_What is needed_. Give back every line of the material exactly. Skip the pictures.

_Dataset section_.
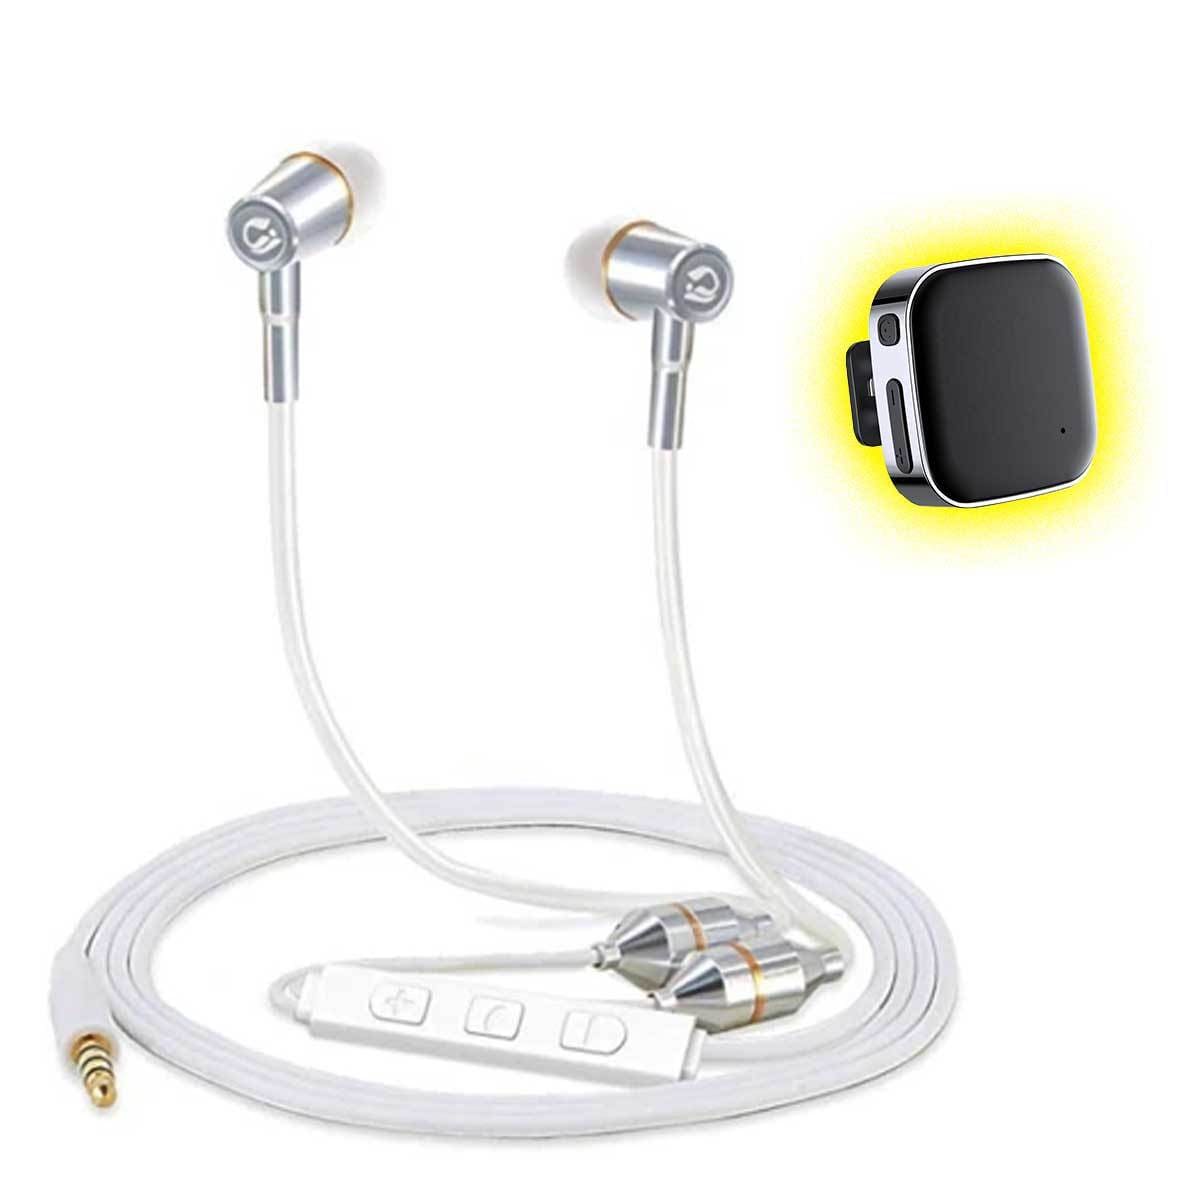 EMF Blocking, Radiation Protection Headphones/Ear Buds - Air Tube Technology Conners Clinic Equipment White Earbud Headphones + Bluetooth Adapter - Conners Clinic
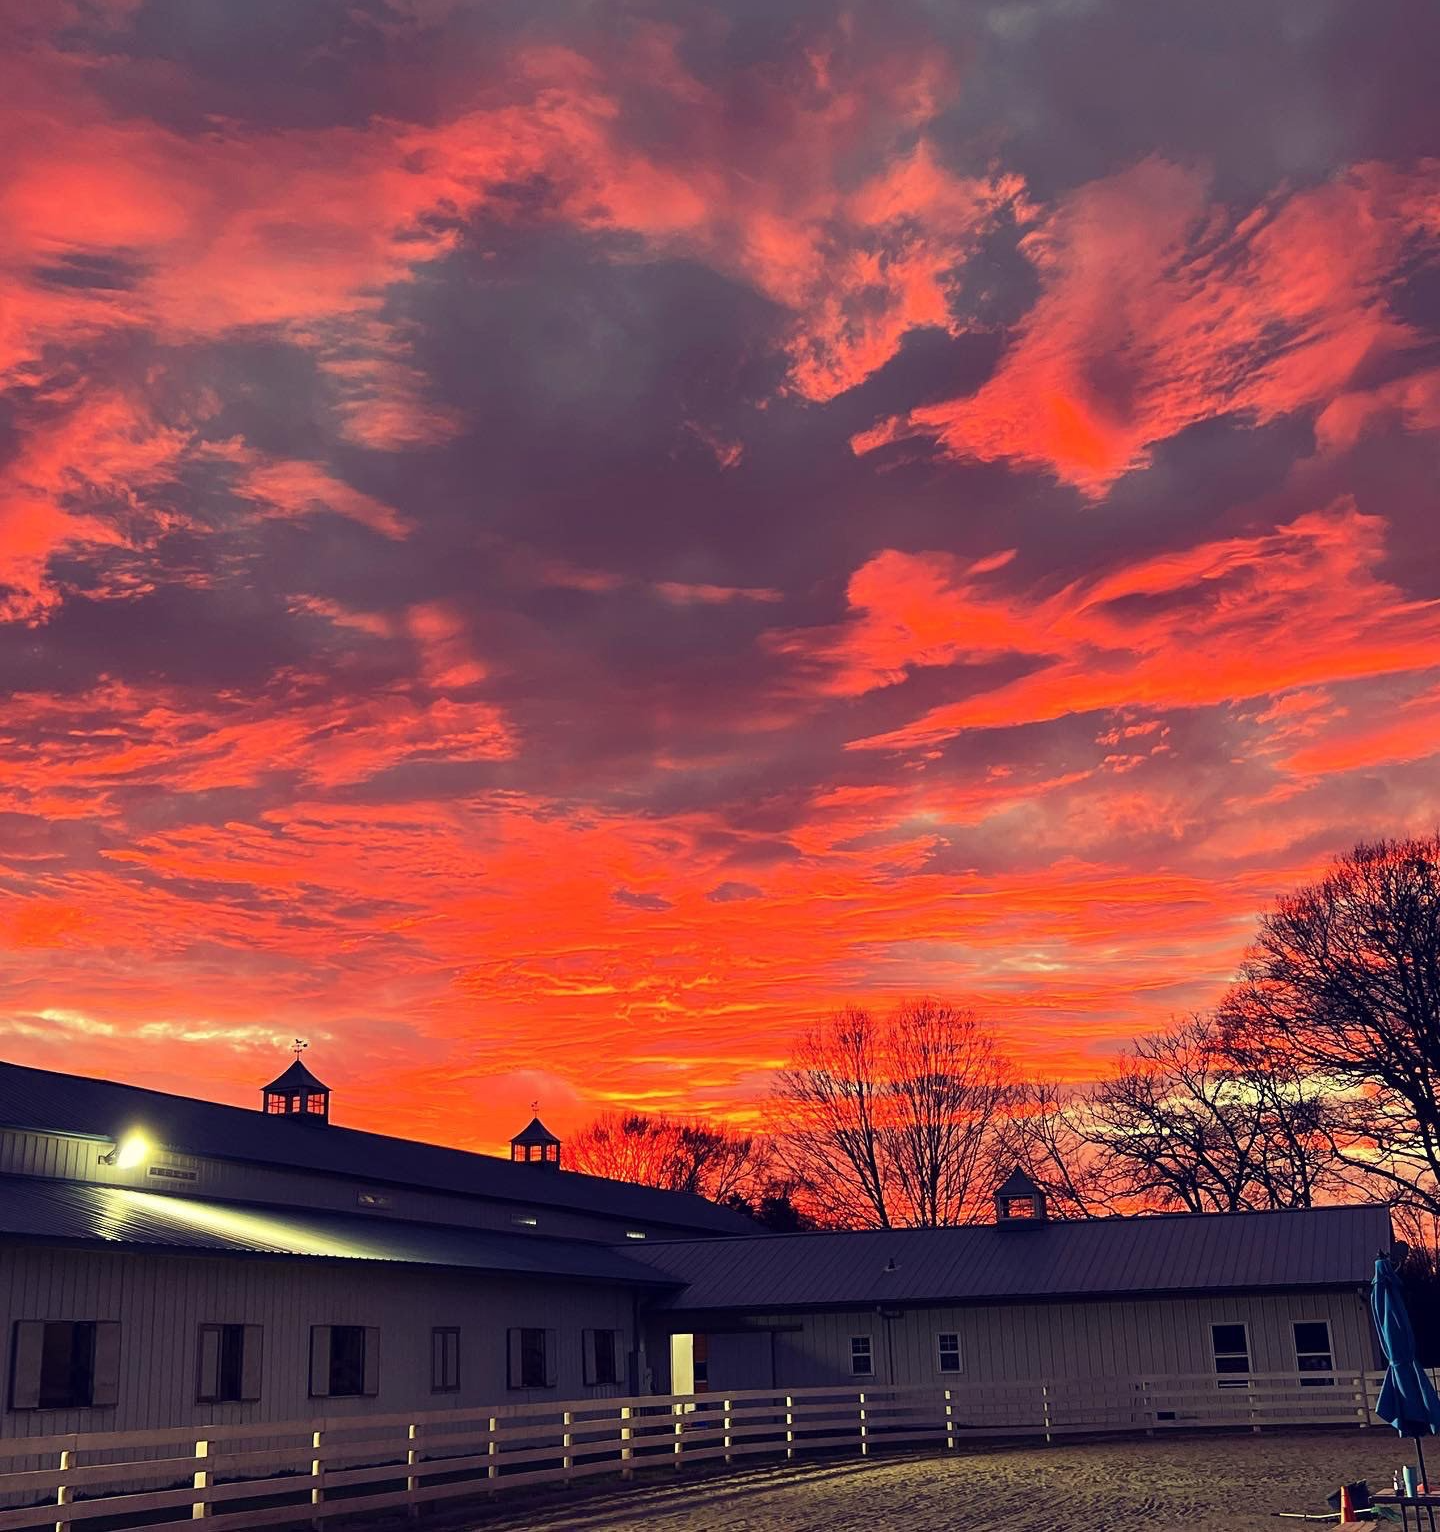 photo of Lenux Stables main barn and outdoor riding arena, with beautiful fiery sunset in background
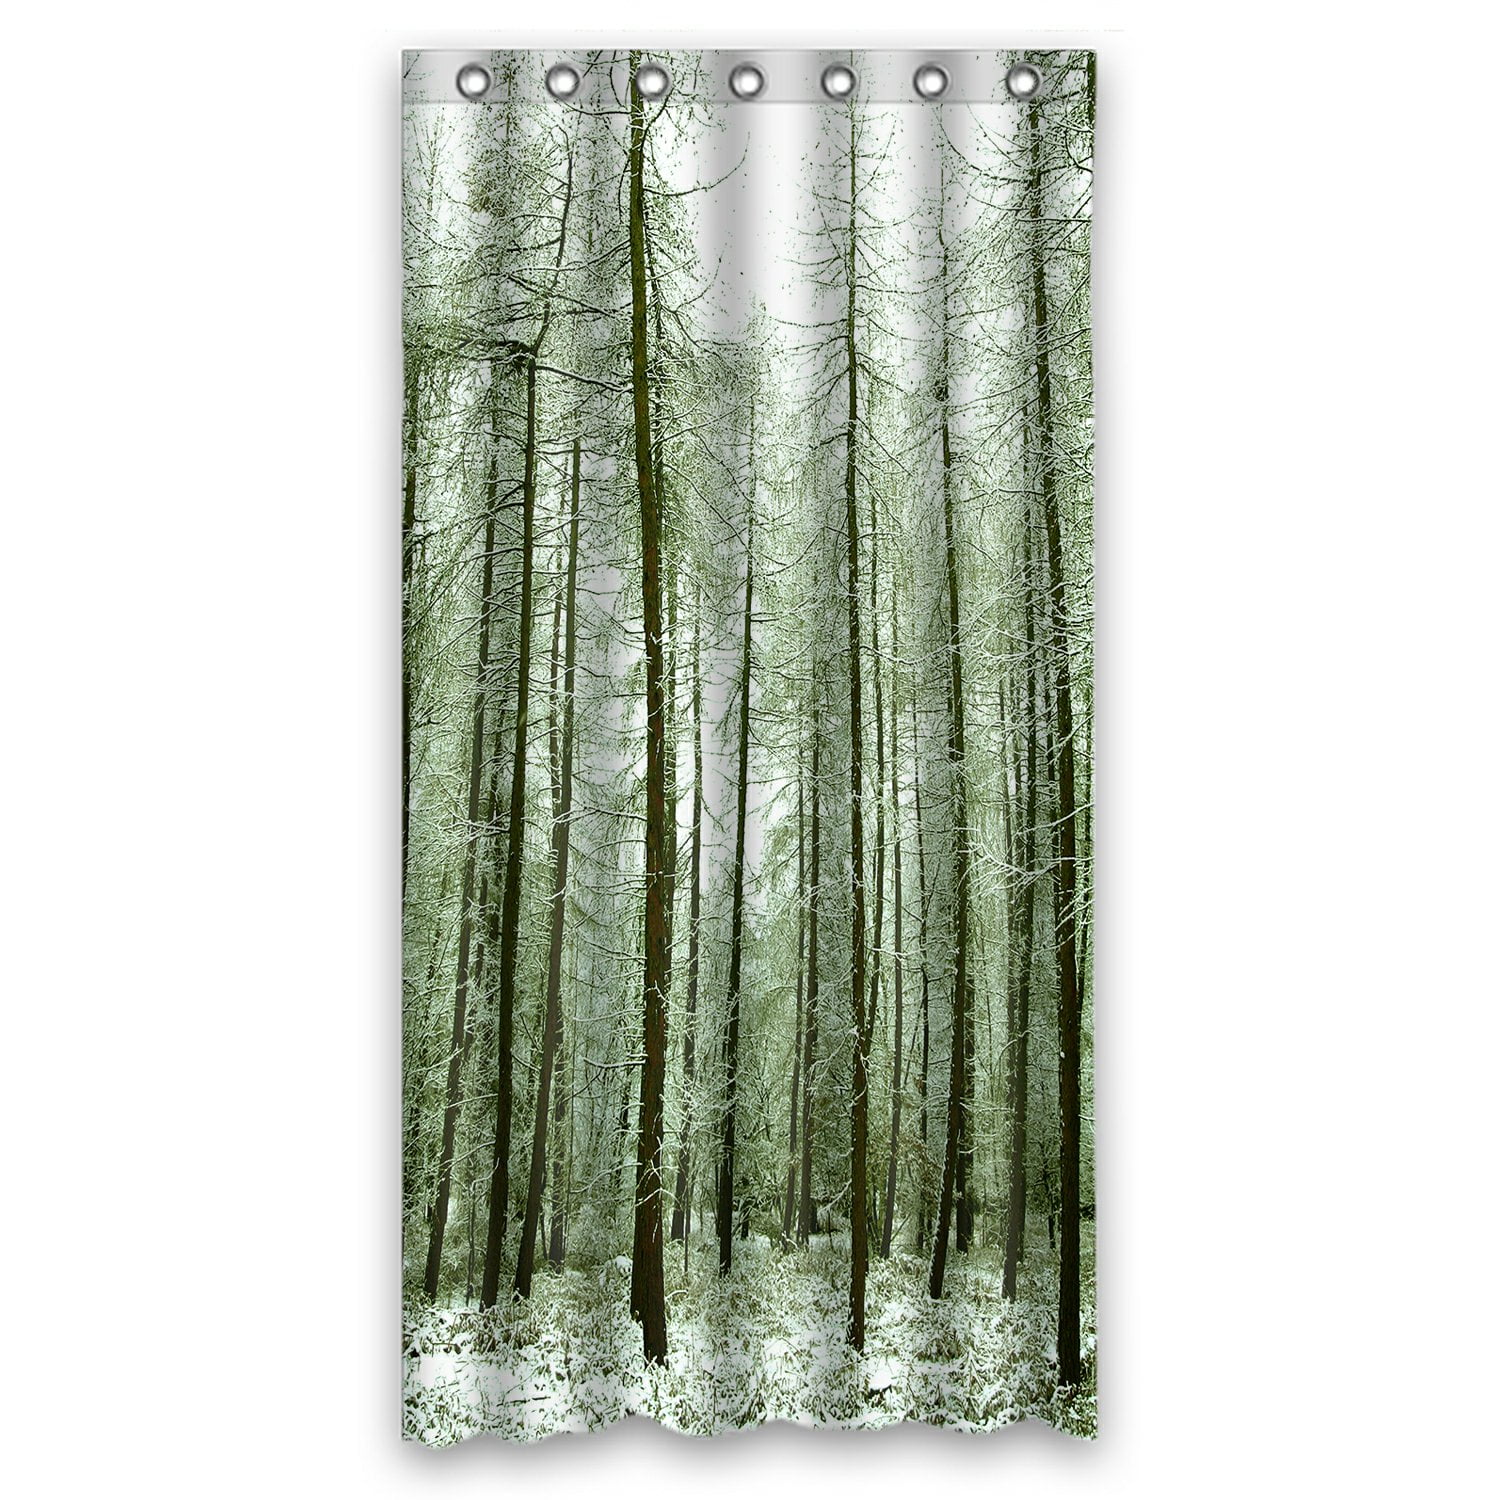 PHFZK Nature Shower Curtain, Winter Scene Snow Tree Trunks Forest ...
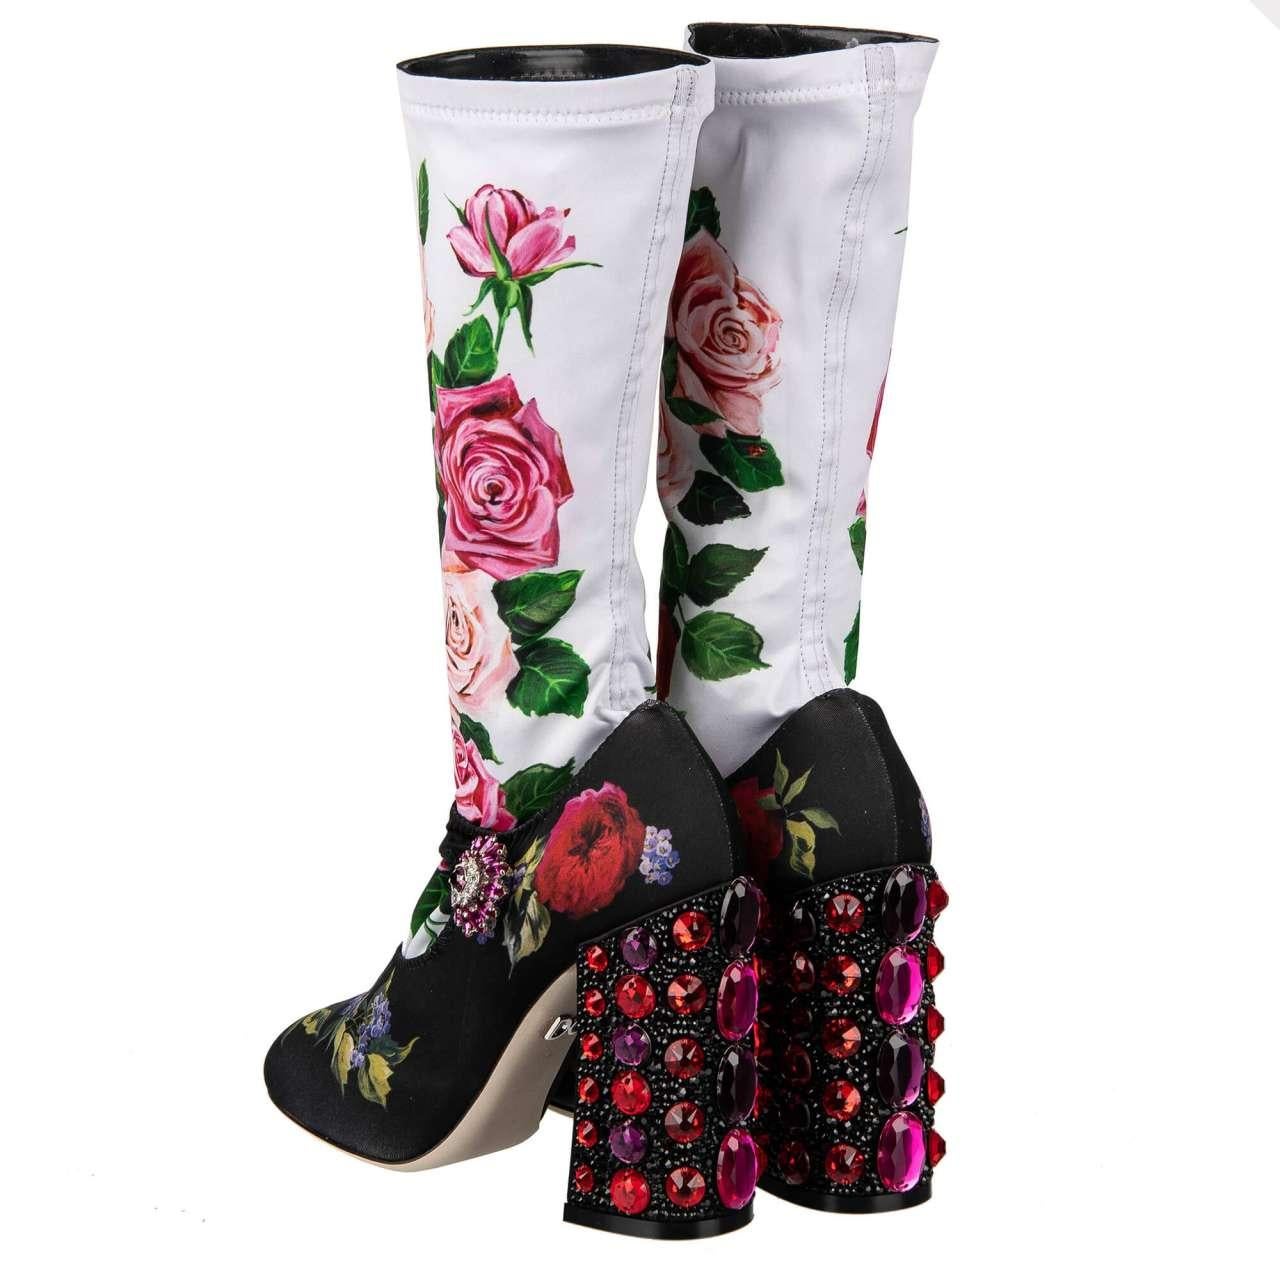 D&G Roses Printed Elastic Socks Pumps VALLY with Crystals Heel Black White 40 In Excellent Condition For Sale In Erkrath, DE

_Solution_.
 EMF Blocking, Radiation Protection Headphones/Ear Buds - Air Tube Technology Conners Clinic Equipment White Earbud Headphones + Bluetooth Adapter - Conners Clinic
 photo of Lenux Stables main barn and outdoor riding arena, with beautiful fiery sunset in background
 PHFZK Nature Shower Curtain, Winter Scene Snow Tree Trunks Forest ...
 D&G Roses Printed Elastic Socks Pumps VALLY with Crystals Heel Black White 40 In Excellent Condition For Sale In Erkrath, DE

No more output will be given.